Publishing exposes the photo to search the instant it is live
A posted photo is a photo indexers can reach. Image-geolocation models place a scene from its pixels alone, with PIGEON reaching 40.4% of its predictions within 25 km of the true location (Haas et al., CVPR 2024) and GeoCLIP localising images worldwide against a learned gallery of coordinates (Vivanco Cepeda, Nayak, Shah, NeurIPS 2023). Reverse image search adds another route, and here a common assumption fails: re-encoding or resizing does not reliably defeat it, because a perceptual hash of the TinEye kind is documented invariant to recompression and rescaling, and is weakened mainly by heavy cropping and mirroring. Face-search services such as PimEyes and Clearview match a face across scraped web images rather than matching your file, and are believed to run on deep recognition embeddings of the ArcFace family, though no vendor discloses which. Editing or re-saving the image after it is live does not quietly unpublish it either, because a copy that has already been scraped keeps matching, so you cannot edit your way out once it is public. Whatever you did not remove before posting becomes searchable against the whole indexed web, not merely visible to your intended audience.
”Before” is the only point of control
Because the upload is irreversible and the platform keeps the original, every reduction has to happen on your own machine first: removing rather than blurring the face and identifying content, cropping the scene, and weakening the sensor fingerprint by downscaling and re-encoding, before the image leaves your device, then reverse-searching the edited file yourself to confirm it does not already match an indexed copy.

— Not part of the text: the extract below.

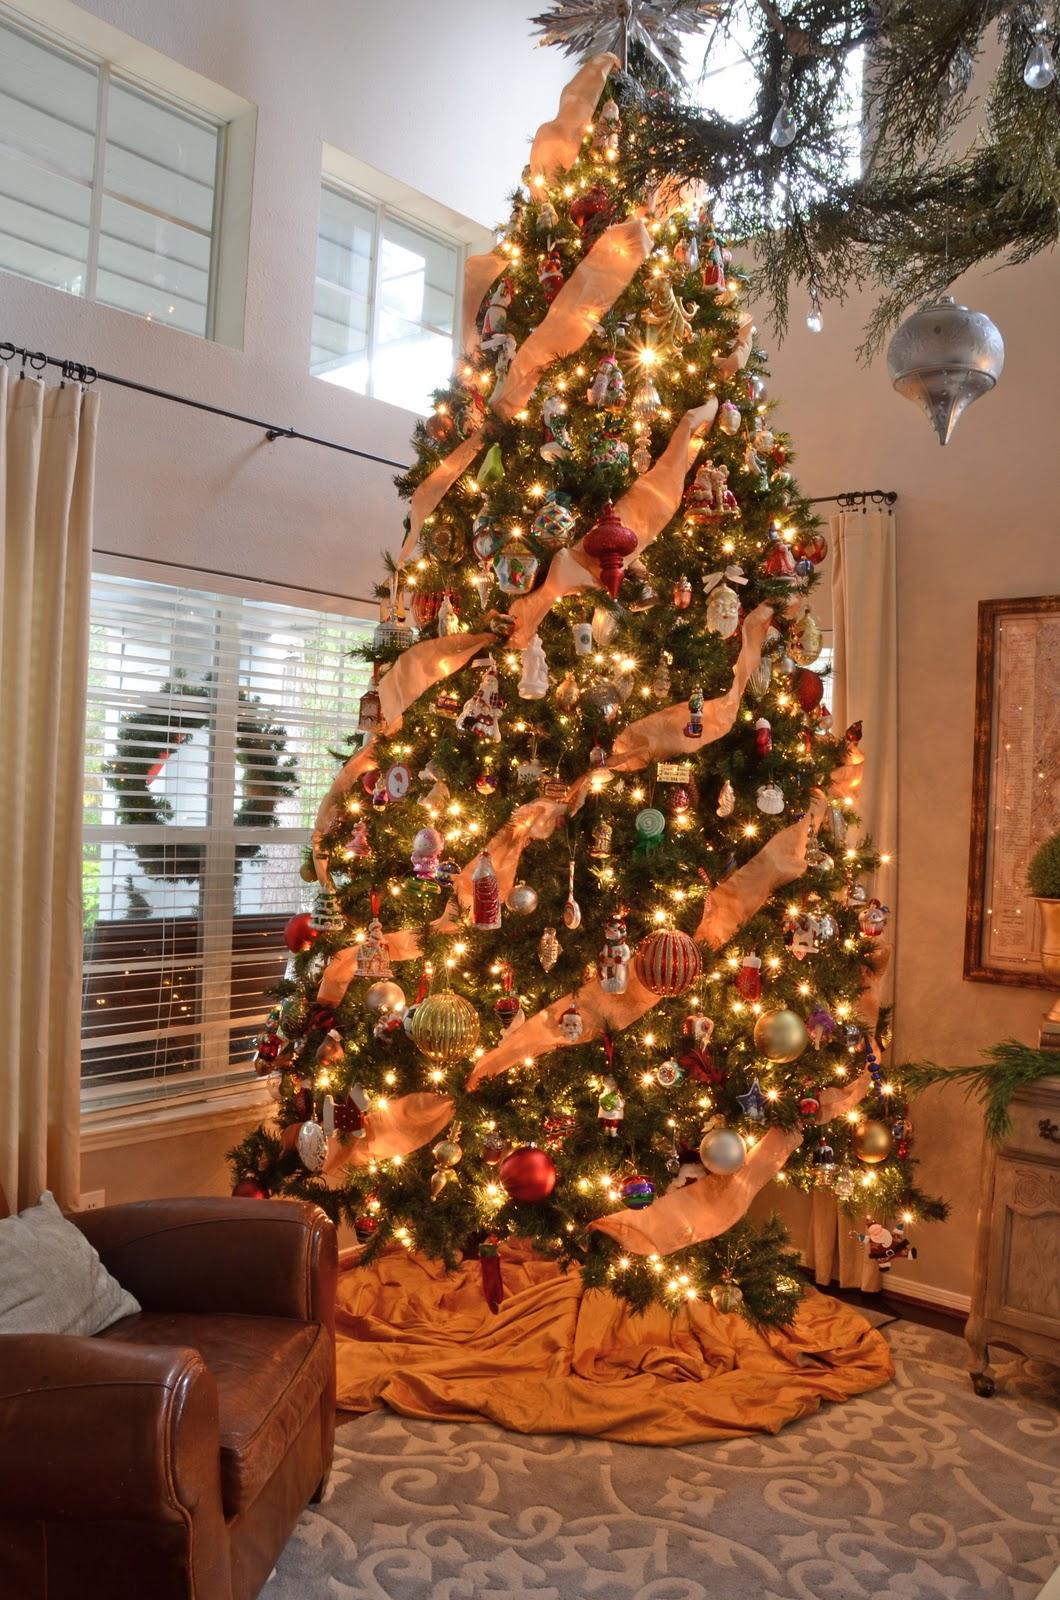 Orange And Lemon Christmas Tree Decorations : Amanda carol interiors

The platform will not anonymise the photo for you, and once it is posted you cannot withdraw it from the caches, scrapers and search indices that will already have seen it. Doing that editing, channel by channel, is the separate task this article stops short of: how to make a photo untraceable.
Sources
- Goljan, Fridrich (2008). Camera Identification from Cropped and Scaled Images. Proc. SPIE 6819, Security, Forensics, Steganography, and Watermarking of Multimedia Contents X.
- Iuliani, Fontani, Piva (2021). A leak in PRNU based source identification. Questioning fingerprint uniqueness. IEEE Access 9.
- Deng, Guo, Xue, Zafeiriou (2019). ArcFace: Additive Angular Margin Loss for Deep Face Recognition. CVPR 2019.
- Kim, Jain, Liu (2022). AdaFace: Quality Adaptive Margin for Face Recognition. CVPR 2022.
- Tkachenko, Jedidi (2023). A megastudy on the predictability of personal information from facial images. Scientific Reports 13:21073.
- Todt, Hanisch, Strufe (2024). Fantômas: Understanding Face Anonymization Reversibility. Proc. Privacy Enhancing Technologies (PoPETs) 2024.
- Haas, Skreta, Alberti, Finn (2024). PIGEON: Predicting Image Geolocations. CVPR 2024:12893-12902.
- Vivanco Cepeda, Nayak, Shah (2023). GeoCLIP: Clip-Inspired Alignment between Locations and Images for Effective Worldwide Geo-localization. NeurIPS 2023.